Steven recited the Jewish history to them, including the Ark of the Covenant that was created for the Ten Commandments and Tent of Meeting that was carried through the desert. The Tabernacle with the Ark of the Covenant became the inner sanctum of the Tent of Meeting. These structures the people carried with them became the place they would meet with God.

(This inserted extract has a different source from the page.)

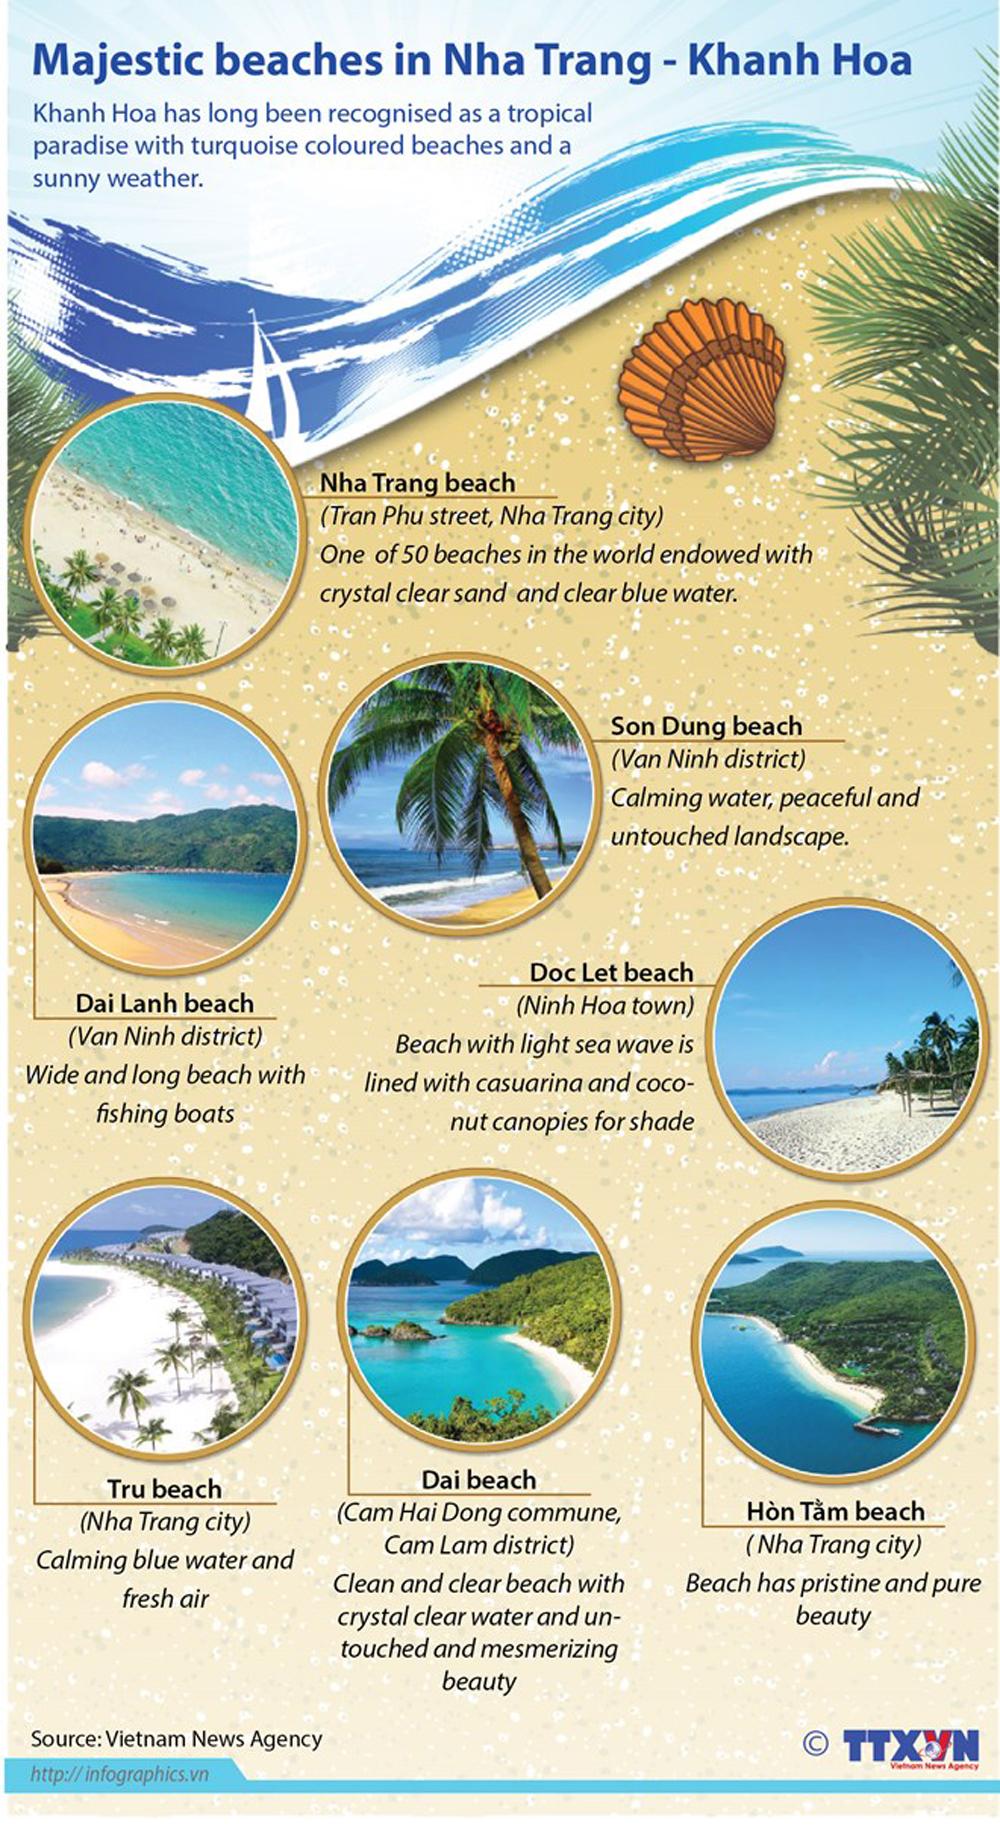 Majestic beaches, Nha Trang - Khanh Hoa, popular destination, tropical paradise

David desired to build God a home, a permanent place for the Ark of the Covenant and Tabernacle, and Solomon accomplished David’s dream. David knew, however, that God does not live in a temple made by human hands. Solomon, David’s son who built the Temple, acknowledged this when he dedicated the Temple:

“But will God really dwell on earth? The heavens, even the highest heaven, cannot contain you. How much less this temple I have built!

1 Kings 8:27

They understood that the Tabernacle, the Tent of Meeting, and the Temple were symbolic. These physical structures and the activity organized around them and in them were meant to point to a metaphysical reality of much greater substance.

It’s ironic that David, a man after God’s own heart, knew these things, but the people of God generally often did not. David was a man after God’s own heart, but the Israelites on the whole were often stiff-necked, as Stephen said.

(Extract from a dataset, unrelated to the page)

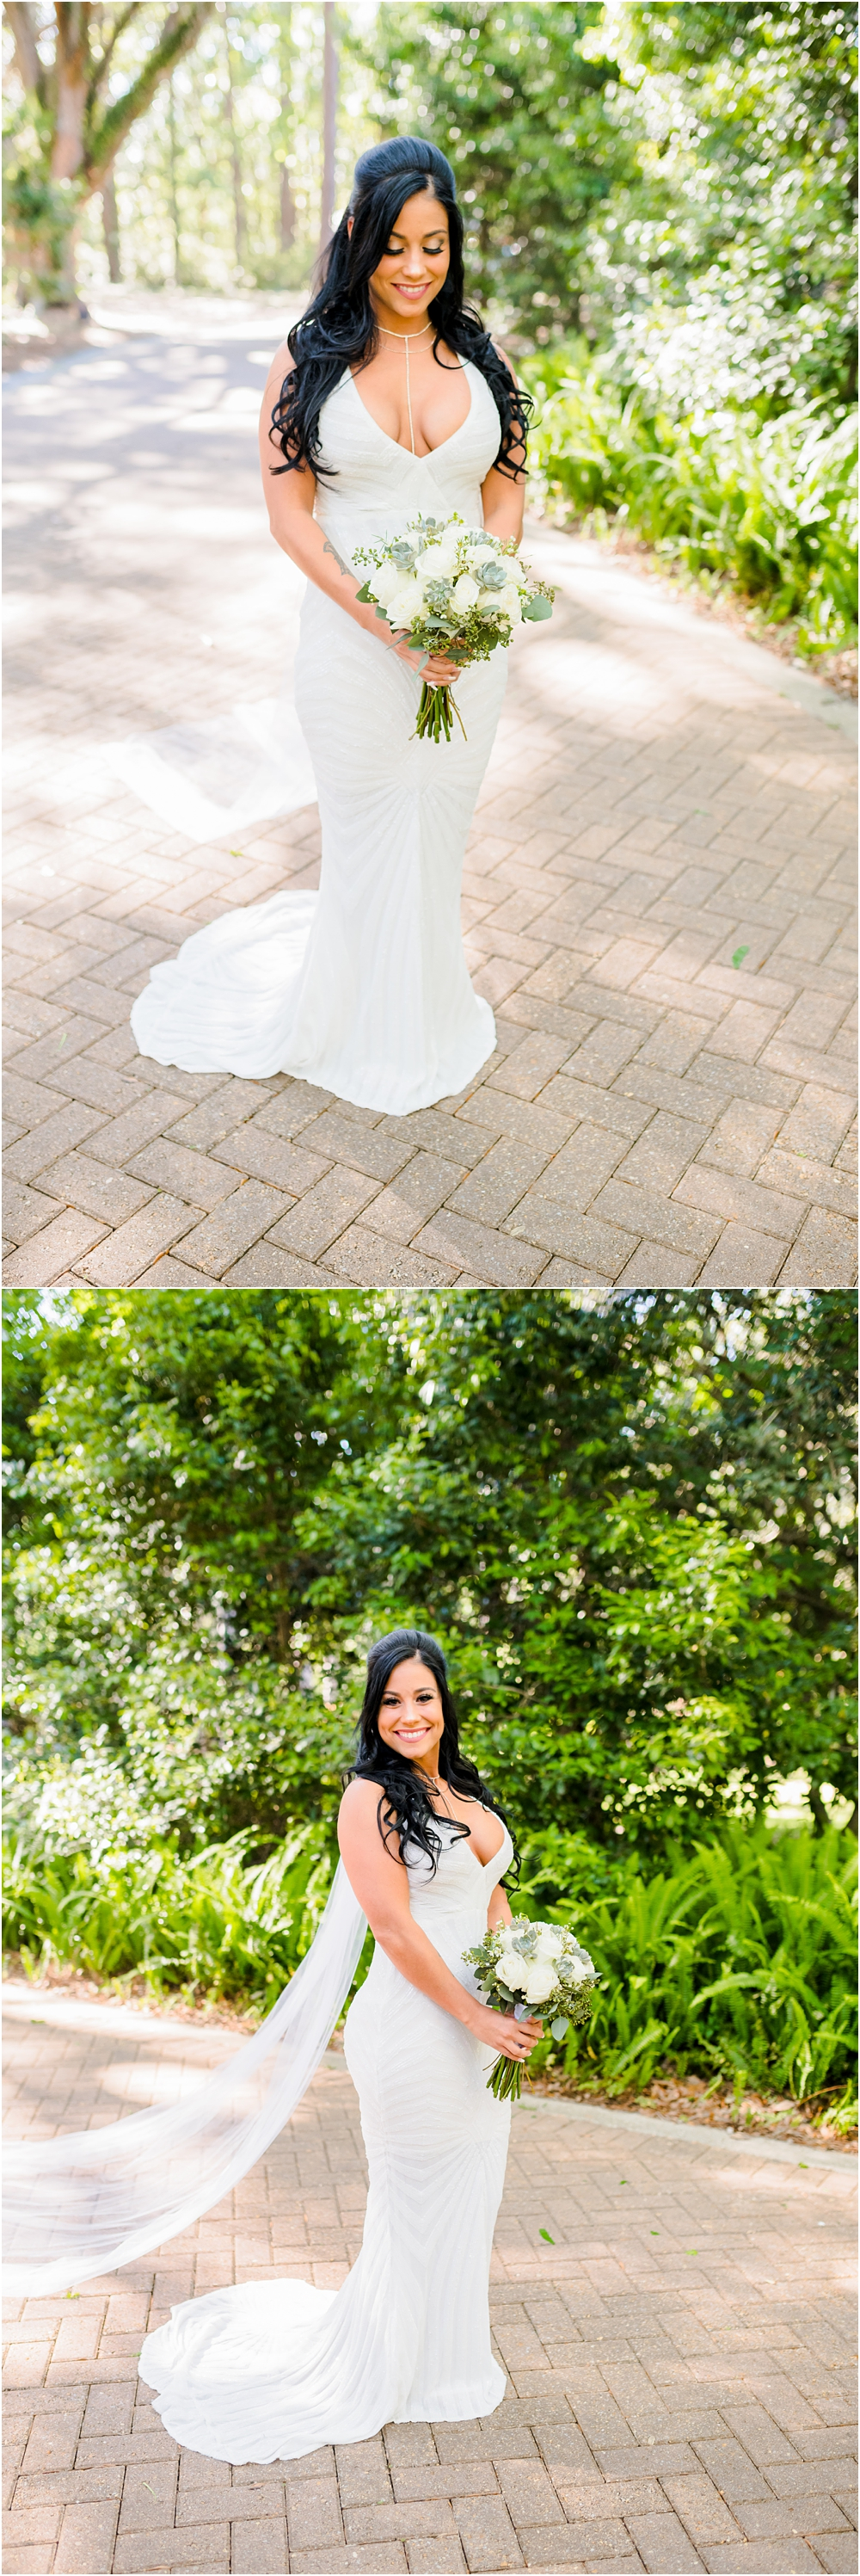 green-eden-gardens-florida-wedding-kiersten-stevenson-photography40.jpg

I find it ironic that people who try to interpret and apply the Bible in the most literal way fall on opposite ends of the spectrum. Fundamentalists and atheists both tend to interpret the Bible literally. They are the two sides of the same interpretive coin.

At the end of the passage quoted above, the Lord poses the rhetorical question, “Did not my hand make all of these things?” Does anyone literally believe that God’s hand made the universe? (Only one hand?)

I would venture to guess that nearly everyone understands this phrase to be allegorical. Yet, there are so many things in the Bible that people try to take and apply literally that are, perhaps, not as obviously allegorical.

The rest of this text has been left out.